*Exercise instructions*:
Output exactly the lines below, starting with the line that has "Azhar Ali leaps" and going on through the line that has "Yna Reyes ATTENTION: WRITERS!", both included, and no other lines.

-- Data for this task follows --

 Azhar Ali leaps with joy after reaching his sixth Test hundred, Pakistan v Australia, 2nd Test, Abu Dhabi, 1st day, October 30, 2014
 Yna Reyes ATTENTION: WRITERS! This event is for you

-- Data for this task concluded --
-- Data for this task follows --

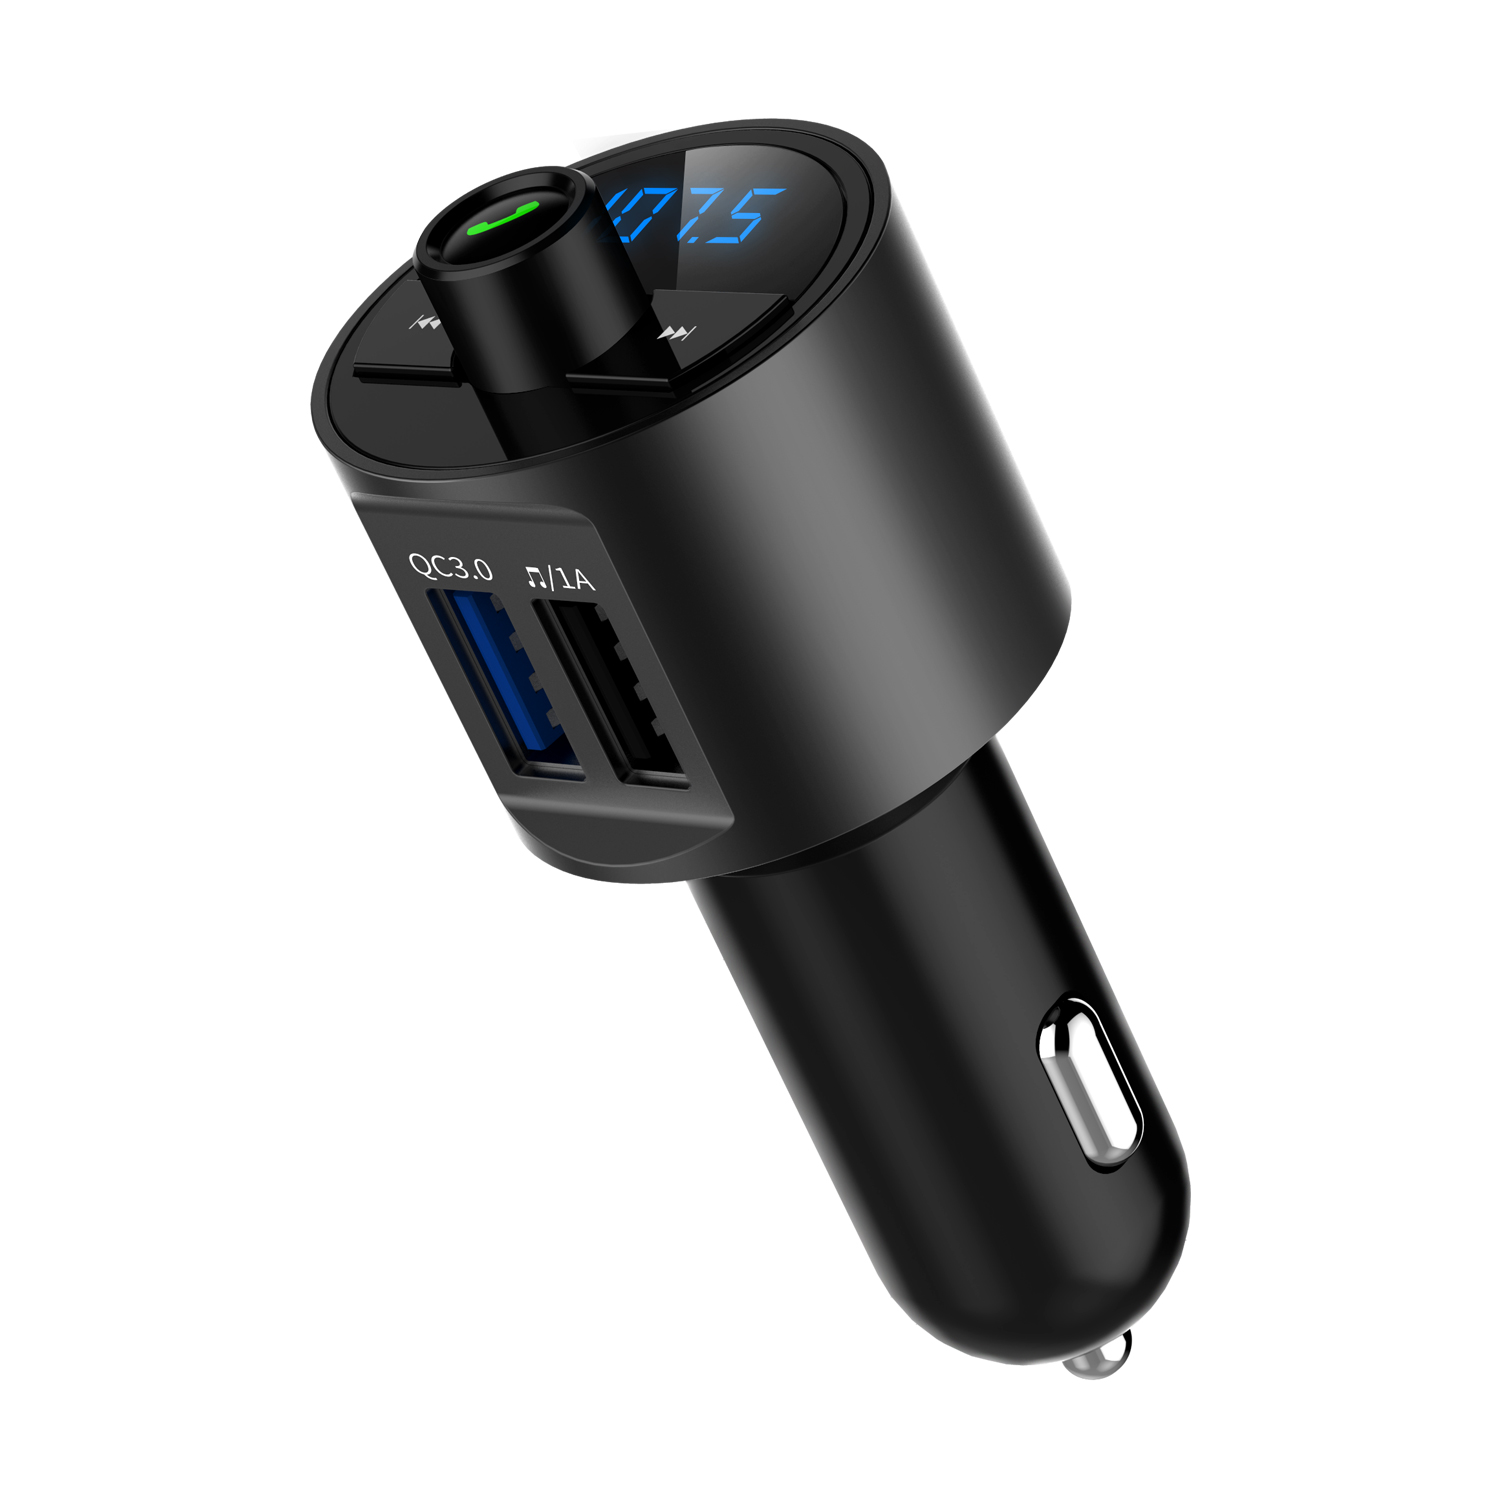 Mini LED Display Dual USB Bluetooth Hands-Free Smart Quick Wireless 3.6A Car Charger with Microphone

-- Data for this task concluded --
-- Data for this task follows --

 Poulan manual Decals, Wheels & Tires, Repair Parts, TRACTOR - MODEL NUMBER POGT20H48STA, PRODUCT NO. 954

-- Data for this task concluded --

*Response*:
 Azhar Ali leaps with joy after reaching his sixth Test hundred, Pakistan v Australia, 2nd Test, Abu Dhabi, 1st day, October 30, 2014
 Yna Reyes ATTENTION: WRITERS! This event is for you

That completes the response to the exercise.